I was just going to say the same, but there is one more aspect to consider: to improve performance sync thread can sync multiple datasets and dnodes same time in separate taskq threads, periodically waiting for completion. One dnode should only be handled by one task at a time, but I wonder if we may miss the taskq waiting at some point, allowing a race with some other sync thread activity, that might care about the the same dnode somehow.
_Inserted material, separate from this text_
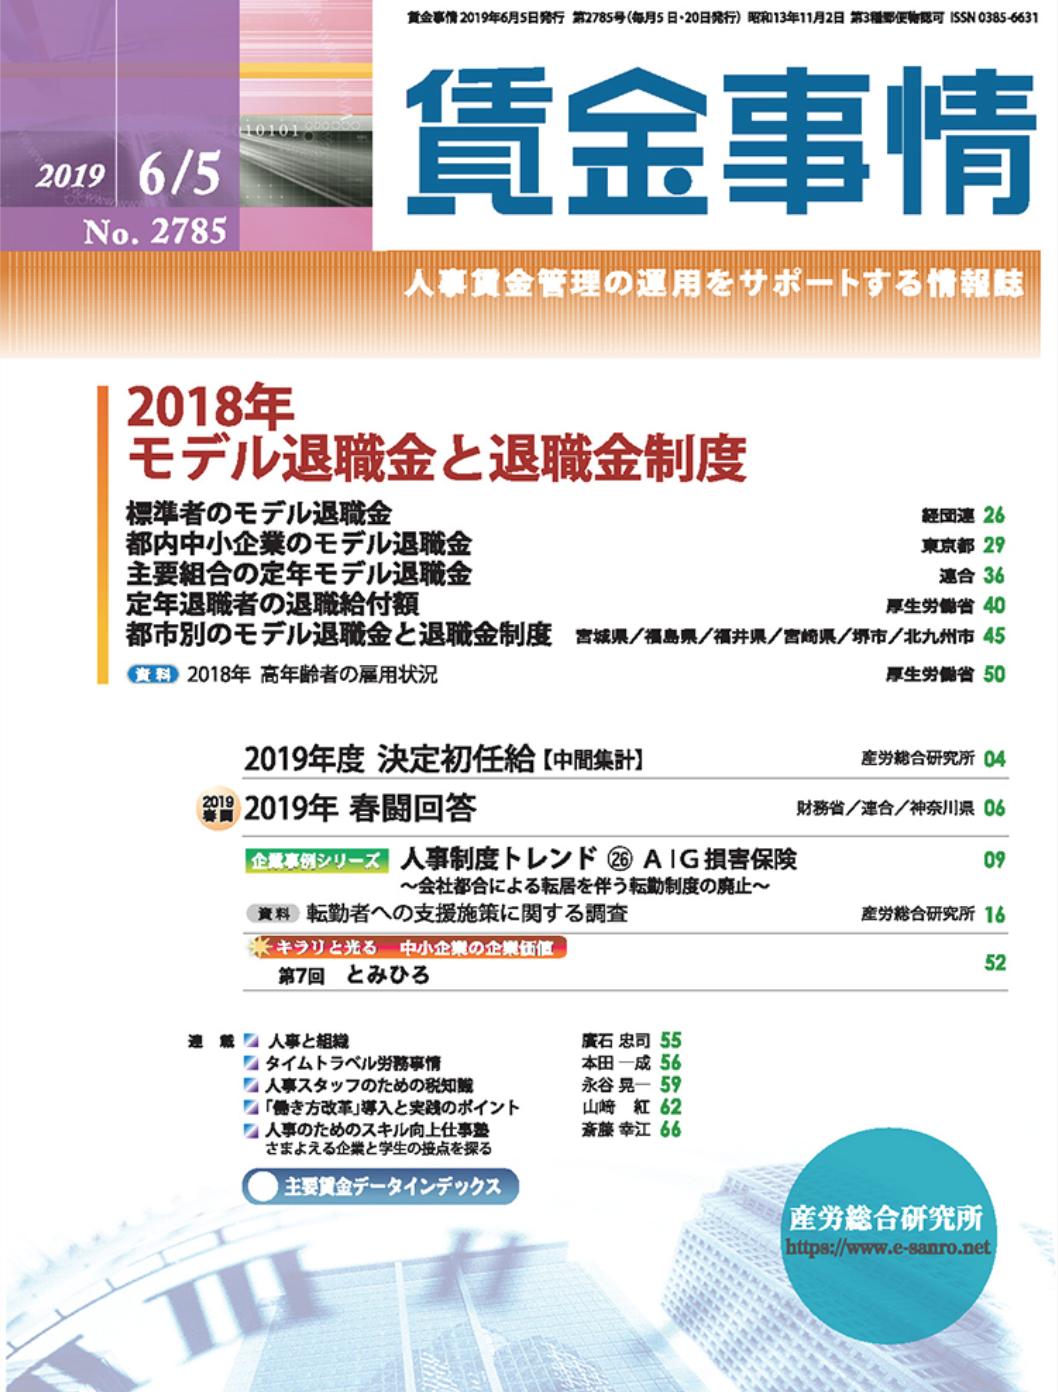 スクリーンショット 2019-06-07 14.10.56.png

This does seem plausible since this is what our stacktrace looks like for Thread A in the coredump we have:

panic: VERIFY(BP_GET_FILL(db->db_blkptr) == 0 || db->db_dirtycnt > 0) failed

cpuid = 2
time = 1770620751
KDB: stack backtrace:
db_trace_self_wrapper() at db_trace_self_wrapper+0x2b/frame 0xfffffe0f7dd629f0
vpanic() at vpanic+0x161/frame 0xfffffe0f7dd62b20
spl_panic() at spl_panic+0x3a/frame 0xfffffe0f7dd62b80
free_children() at free_children+0x453/frame 0xfffffe0f7dd62bf0
free_children() at free_children+0x2f0/frame 0xfffffe0f7dd62c60
dnode_sync_free_range() at dnode_sync_free_range+0x1ff/frame 0xfffffe0f7dd62ce0
range_tree_walk() at range_tree_walk+0xa9/frame 0xfffffe0f7dd62d30
dnode_sync() at dnode_sync+0x368/frame 0xfffffe0f7dd62de0
sync_dnodes_task() at sync_dnodes_task+0x8c/frame 0xfffffe0f7dd62e20
taskq_run() at taskq_run+0x17/frame 0xfffffe0f7dd62e40
taskqueue_run_locked() at taskqueue_run_locked+0x182/frame 0xfffffe0f7dd62ec0
taskqueue_thread_loop() at taskqueue_thread_loop+0xc2/frame 0xfffffe0f7dd62ef0
fork_exit() at fork_exit+0x81/frame 0xfffffe0f7dd62f30
fork_trampoline() at fork_trampoline+0xe/frame 0xfffffe0f7dd62f30

[behlendorf]

@alek-p any luck ginning up a reproducer to get a stack trace for thread B? Or perhaps additional debugging can be added to detect if other sync thread activity operating on the dnode at the same time.

[alek-p]

@alek-p any luck ginning up a reproducer to get a stack trace for thread B? Or perhaps additional debugging can be added to detect if other sync thread activity operating on the dnode at the same time.

so far, my best guess for Thread B is #18235 (comment)

I've also been running with some range tree sanity checking, but that hasn't yielded a panic yet.

[amotin]

I was just going to say the same, but there is one more aspect to consider: to improve performance sync thread can sync multiple datasets and dnodes same time in separate taskq threads, periodically waiting for completion. One dnode should only be handled by one task at a time, but I wonder if we may miss the taskq waiting at some point, allowing a race with some other sync thread activity, that might care about the the same dnode somehow.

I've tried to look form this perspective, but unfortunately found no way how it could happen.